The Wikimedia Event Platform refers to the various event stream distribution and processing systems we employ at the Wikimedia foundation. Several components make up the event platform, including 'legacy' and 'modern'. This page documents these different components and provides some historical context and also outlines future work and intentions.
More documentation can be found on component specific pages:
- Event Platform/Instrumentation How To - How to use Event Platform to instrument and collect analytics event data
- Event Platform/EventGate - Documentation about EventGate event intake service.
- Event Platform/EventStreams & Event Platform/EventStreams/Administration - Documentation about the public event publishing service.
- Analytics/Systems/EventLogging & Analytics/Systems/EventLogging/Administration - Documentation about the original EventLogging Analytics event intake and distribution systems.
- Event Platform/Schemas - Details about event schema repositories how they are used.
- Event Platform/Schemas/Guidelines - Event schema rules and conventions.
- Modern Event Platform Phabricator Parent Task
- Event* - Event Platform/Service disambiguation page.
Platform Architecture Summary
- Event - A strongly typed and schemaed piece of data, usually representing something happening at a definite time. E.g. revision-create, user-button-click, page-load, etc.
- Stream - A contiguous (often unending) collection of events (loosely) ordered by time.
The first 'event platform' at WMF was EventLogging. This system originally used ZeroMQ to transport messages between its various 'services' but was later improved to use Kafka. It was built for WMF product teams to be able to instrument and measure WMF features and usage on websites and apps. It used a (hardcoded) on-wiki event 'schema repository' to validate incoming events.
In 2015, an effort was made to extend the analytics focus of EventLogging to use for production events. This effort was dubbed 'EventBus' and culminated in three new components: the Mediawiki EventBus extension, the mediawiki/event-schemas git repository, and eventlogging-service-eventbus. eventlogging-service-eventbus is the first HTTP POST (internal) endpoint. It validated and produced events against more tightly controlled production schemas, and produced them to Kafka. EventBus was used to build the Change Propagation service. We originally intended to merge the analytics vs. production uses of EventLogging.

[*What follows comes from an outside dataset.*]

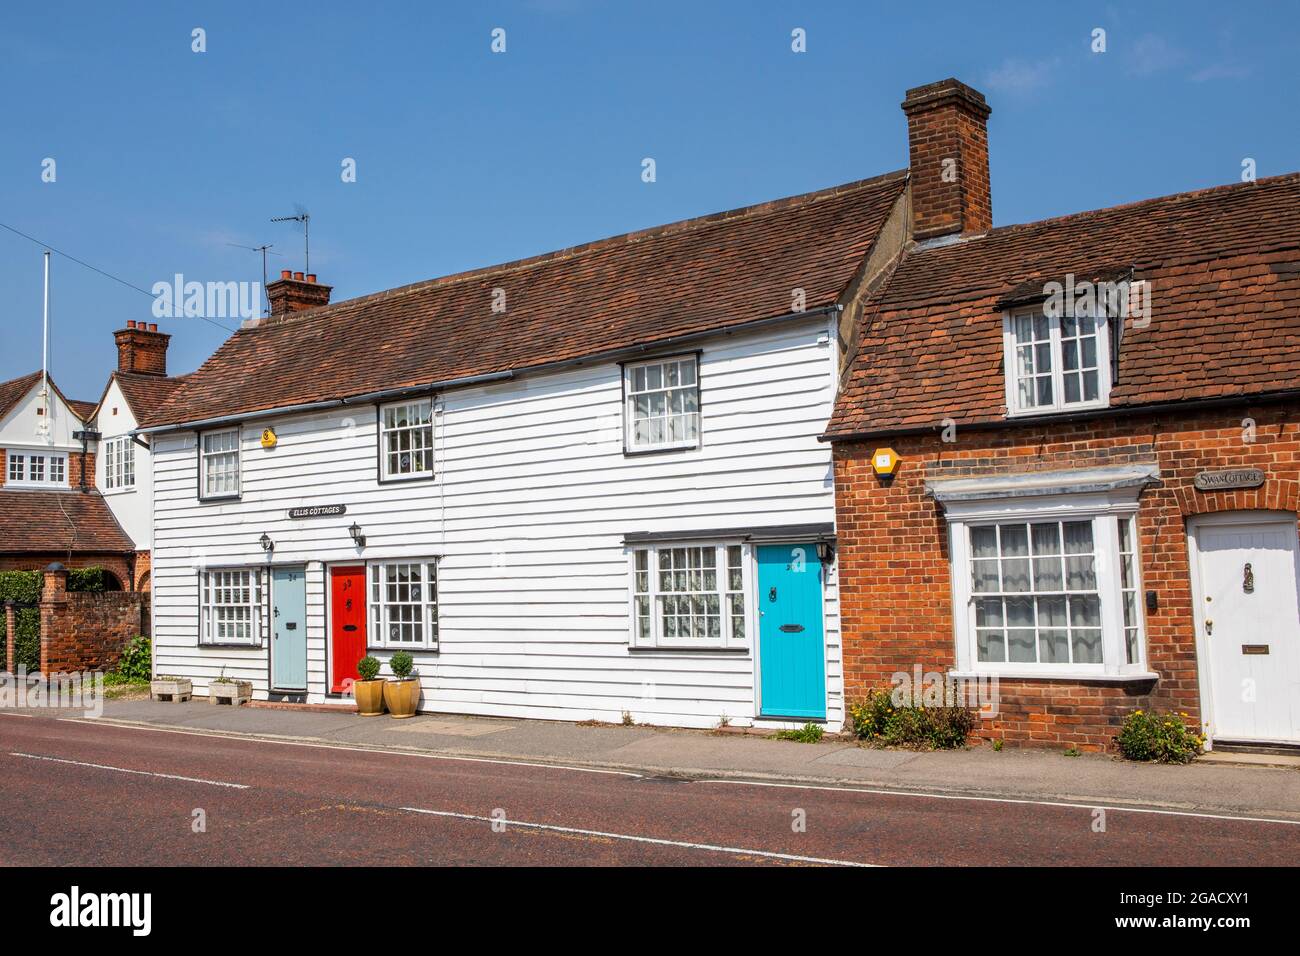 Essex, UK - July 20th 2021: A view of Ellis Cottages in the beautiful village of Stock in Essex, UK. Stock Photo

In 2018, we started the Modern Event Platform program, which included EventBus's original analytics+production unification goal as well as other parts of WMF's event processing stack using open source (non-homegrown) components where possible. The EventLogging python codebase was too WMF and Mediawiki specific to easily accomplish the unification, so it was decided to build a new more generic and extensible JSONSchema event service, eventually entitled EventGate.
In 2019, EventGate, along with other Modern Event Platform components, replaced eventlogging-service-eventbus, and is intended to eventually replace as the 'analytics' deployment of EventLogging services (e.g. eventlogging-processor).